60 GB reichen vollkommen. Hab vor 1 Jahr eine SSD mit 64 GB gehabt und nicht mal auf den Platz geachtet. Vor dem Verkauf, war die Platte randvoll. Trotzdem war sie schnell genug und der Platz hat gereicht!


----------



## OctoCore (30. August 2011)

*AW: Wie groß muss meine ssd wirklich sein ?*



hulkhardy1 schrieb:


> Es gibt schon ein paar Spiele wo man es deftig merkt wie zum Beispiel Half Live2 oder WoW aber bei den Mehrzahl von Spielen bringt es recht wenig, ein paar Sekunden vielleicht mehr nicht!
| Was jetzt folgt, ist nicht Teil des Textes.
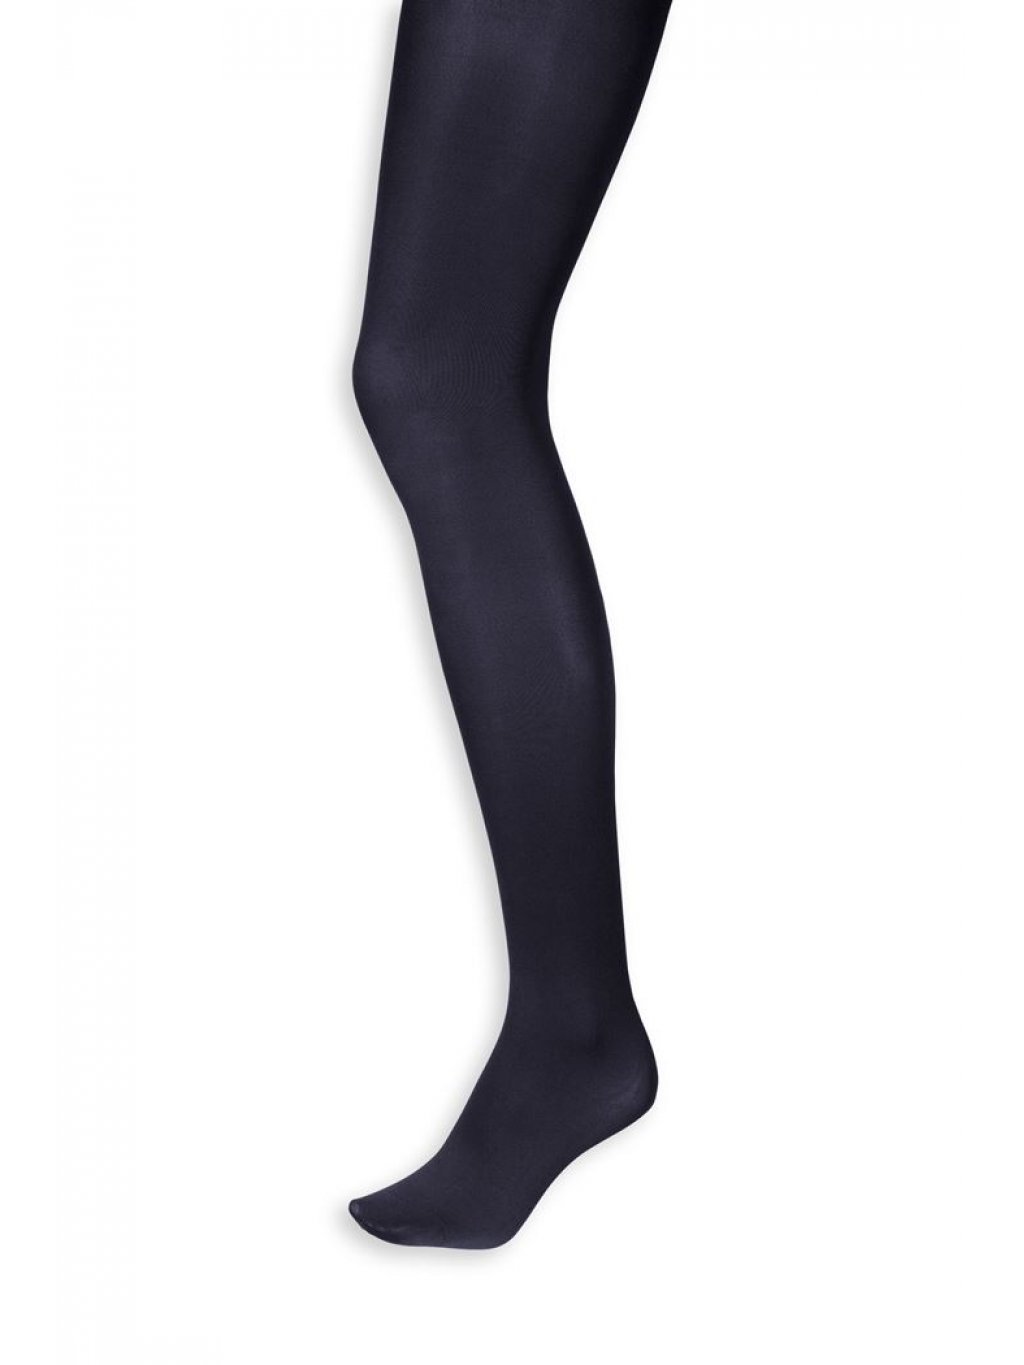 Silonky Kyra Stockings černé

Ist eben die Frage, von welchem SSD-Vorteil die einzelnen Spiele profitieren. HL2 flutscht schon auf einer normalen HDD-RAID 0-Partition sehr schön. Das Uralt-Civilisation, was hier irgendwo noch rumdröselt, würde theoretisch von einer SSD profitieren, weil es aus Unmengen an Dateien in ein- oder zweistelligen Kilobyte-Bereich besteht. Das läuft aber auf jeder Art von Platte schon rund genug.


----------